One such situation occurs when we talk about self-driving cars. While you are driving, the medium is constantly shifting in real time, but your brain compensates for the changes and you are able to focus on the task at hand. A.I. tends to make mistakes in this situation because the information constantly changes, and the visual system cannot maintain the pace.

To smell or not to smell

While vision-based information is concrete, smells are fundamentally different since they have no clear shapes, colors or sizes. The structure of the olfactory system is also radically different. The odors are analyzed by an inferior network that is considered to be less complex than the visual one. The neurons in olfactory areas so do not prioritize information, capturing random traces that follow no specific set of rules. If the visual cortex creates maps, the olfactory system is not able to offer such a specific result, as the information received is quite vague.

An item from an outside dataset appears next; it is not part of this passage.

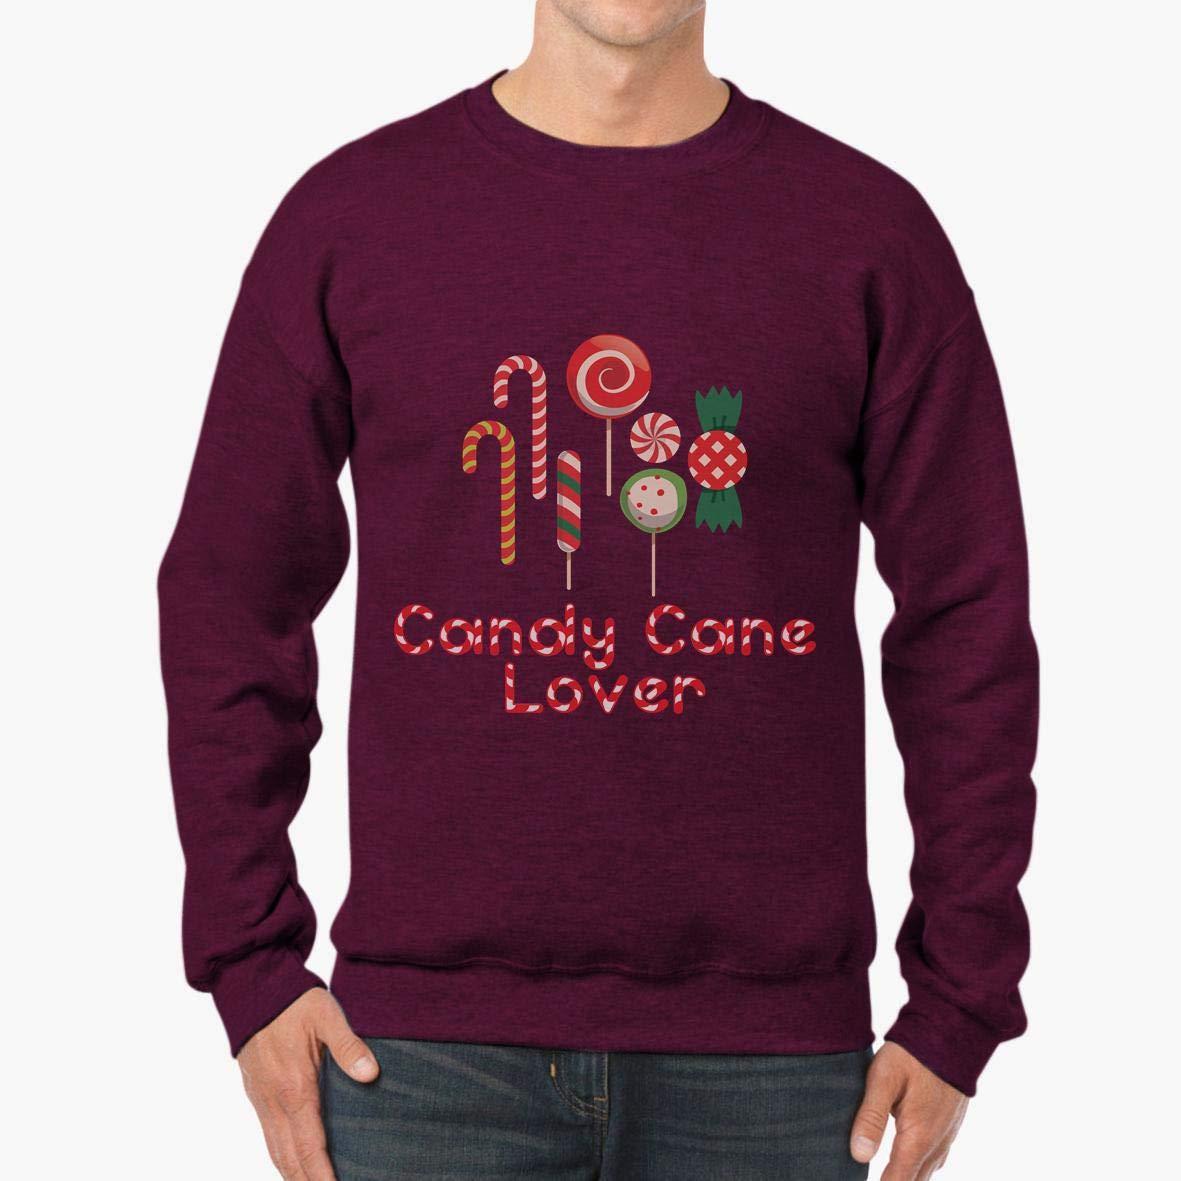 Doryti Candy Cane Lover Cute Holiday Funny Xmas Spirit Unisex Sweatshirt tee
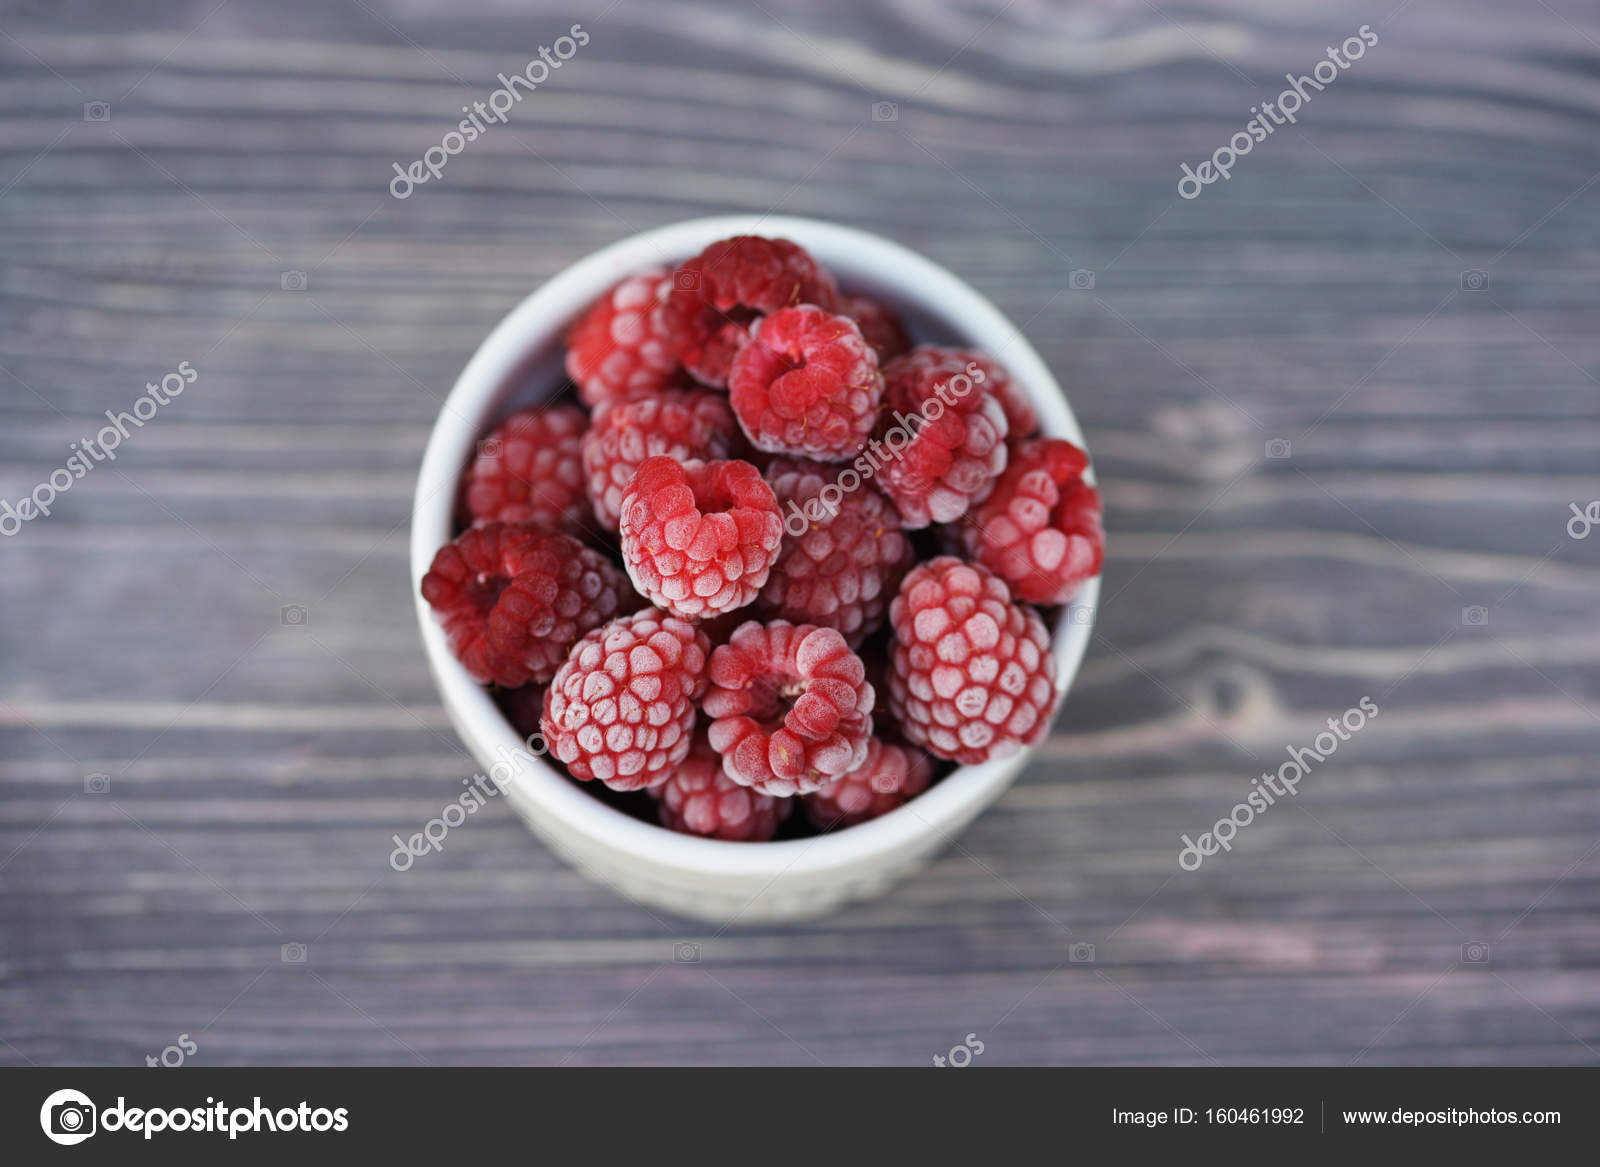 gel e de framboise berry avec givre blanc photographie oliveshadow 160461992. Black Bedroom Furniture Sets. Home Design Ideas

This is why the olfactory system uses a considerably smaller number of neurons. When we are looking for a particular smell, only a small number of our neurons are highly active, as they are focused on tracking down that particular smell.

Several experiments have already revealed that a neural network which mimics are olfactory system is better at pinpointing targeted data, since it can focus without the need to use a high amount of previous data in order to ran comparisons.  The speed is also greater since the system learns to recognize only what it is already considered important and ignore anything that is situated outside the given parameters.

The creation of a network that can learn as it goes can dramatically reduce the cost and increase the flexibility of the network in the long run.

It remains to be seen how the new methods can be applied in the future.